Намеренная концентрация действия в локальных временных рамках часто контрастно выявляет масштабы авторского замысла, его устремленность к обобщениям самого широкого толка. Так и в фильме «Иди и смотри» всего несколько дней, проведенных героем в адском пекле войны, освещенных пламенем на его глазах сожженной вместе с людьми деревни, заставляют нас искать и находить нити той «всесвязующей мысли» (Достоевский), которая позволила создателям ленты показать не отдельный «кусок жизни», а картину значения всеобъемлющего.

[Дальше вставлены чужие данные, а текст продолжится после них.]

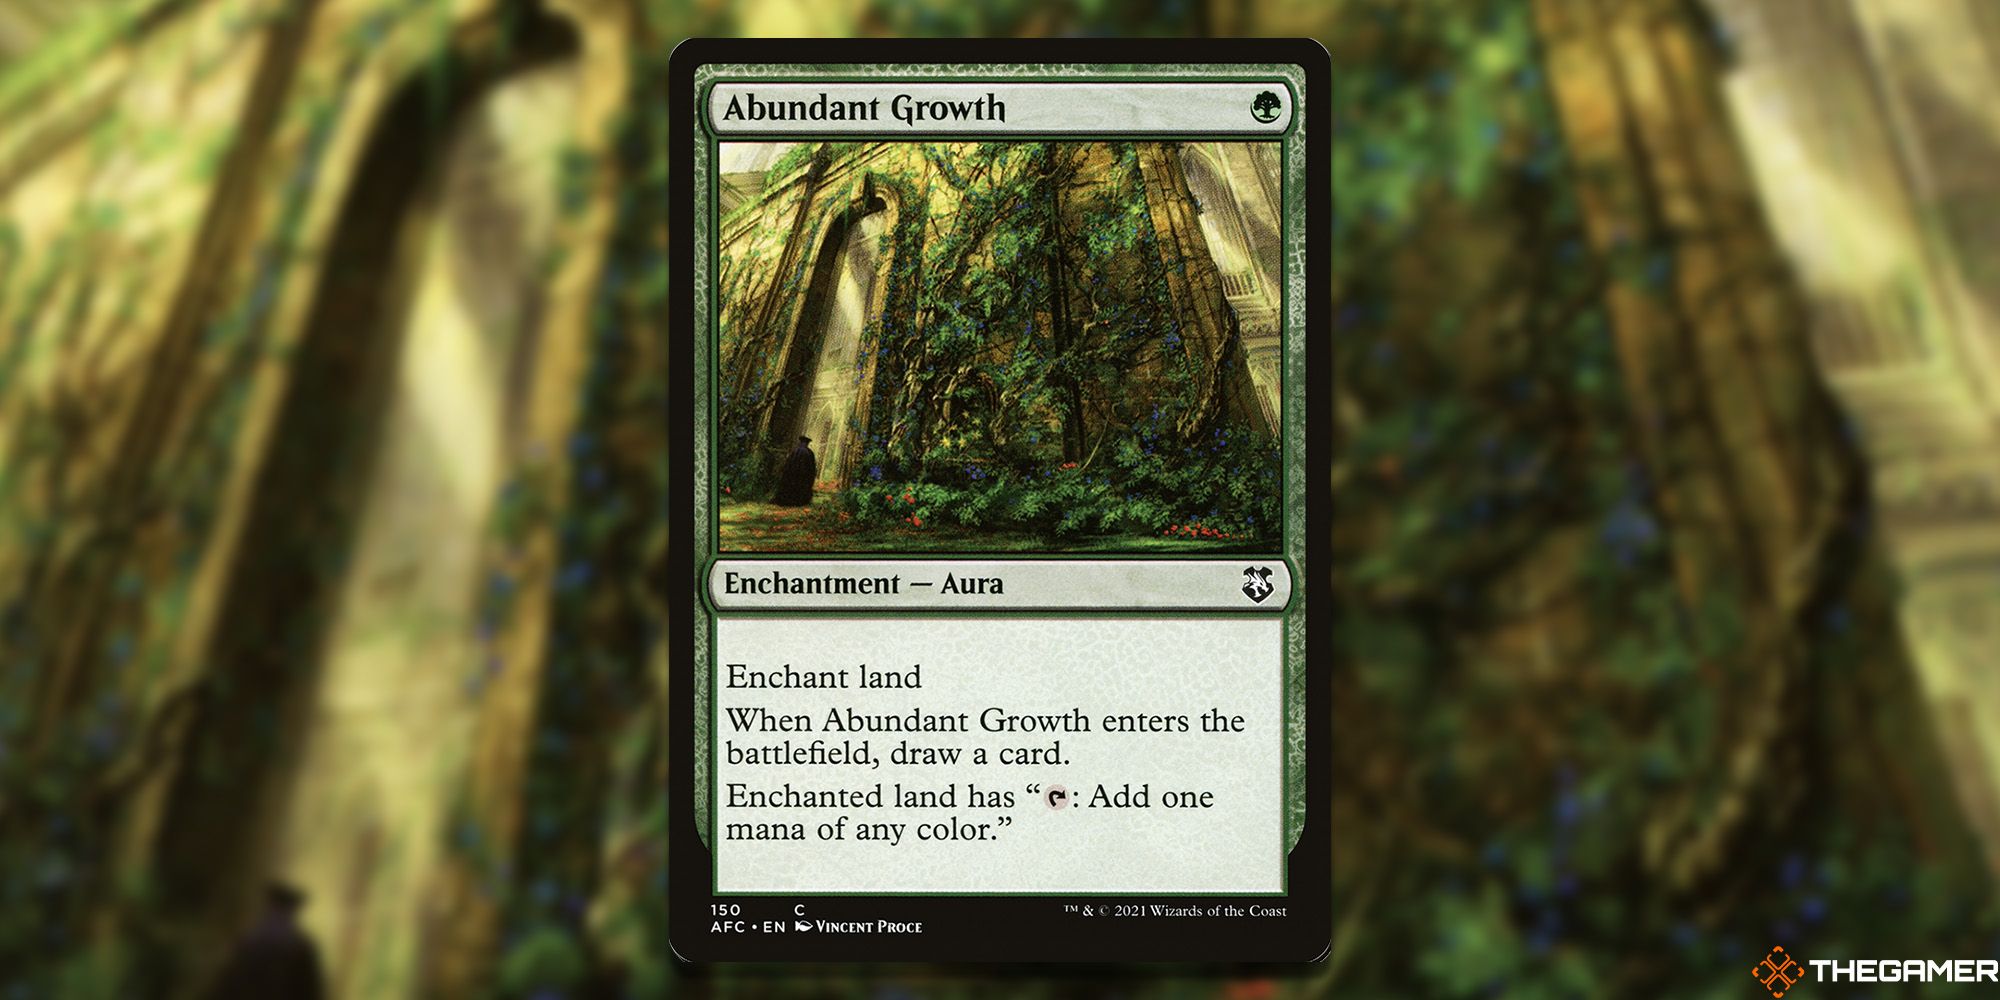 Abundant Growth card and art background

Мирная, растерянная улыбка — таким входит Флёра в партизанский лагерь. Истово, по-деревенски здоровается он с каждым, кто ему повстречается. На все вокруг смотрит восторженным взором. Флёра не утрачивает мальчишеской непосредственности, остается наивным, немного нескладным пареньком, не обретая прежде времени черты, какие проявит в нем предстоящее хождение по мукам. Смерть еще как бы вне его. Флёра постепенно будет втягиваться в трагический водоворот. Даже первое воинское крещение отступит перед влюбленностью. Хотя страшная реальность войны не где-то там, за горизонтом, она здесь, рядом: сотрясают лес взрывы бомб, обволакивает густой черный дым, в котором еще белее кажется летящая из раненых деревьев щепа, все ближе надвигается на героев и вот-вот настигнет автоматными очередями цепь фашистских парашютистов... Но стихает канонада, рассеивается дым, и Флёра вместе с Глашей радуется жизни, ощущает ее всем существом. Режиссер и оператор находят выразительный экранный эквивалент их состоянию: в щедром аккомпанементе природы, дарующей яркие лучи солнца, серебряные струи дождя, в раскованном, темпераментном танце Глаши.
Камера Алексея Родионова не чурается здесь живописной броскости, в создаваемом образе есть, быть может, даже некоторая нарочитость, красивость. Однако разве не предусмотрены они общим художественным сложением произведения, режиссерским расчетом на то, чтобы в сознании зрителя эта симфония жизни отозвалась тогда, когда на героя обрушится шквал смертельных испытаний? Ведь так, собственно, и выстроен фильм: все в нем взаимосвязано, резонирует в нужный момент, то усиливая эмоциональный удар, то направляя в определенное русло ход мысли.
Замыкается цепь внутренних сопоставлений, ассоциаций, но высекаемые эмоции дают толчок размышлениям и за пределами фильма. Образное время ленты значительно расширяет пространство трагедии, перебрасывая чувство и мысль из вчера в сегодня, в завтра.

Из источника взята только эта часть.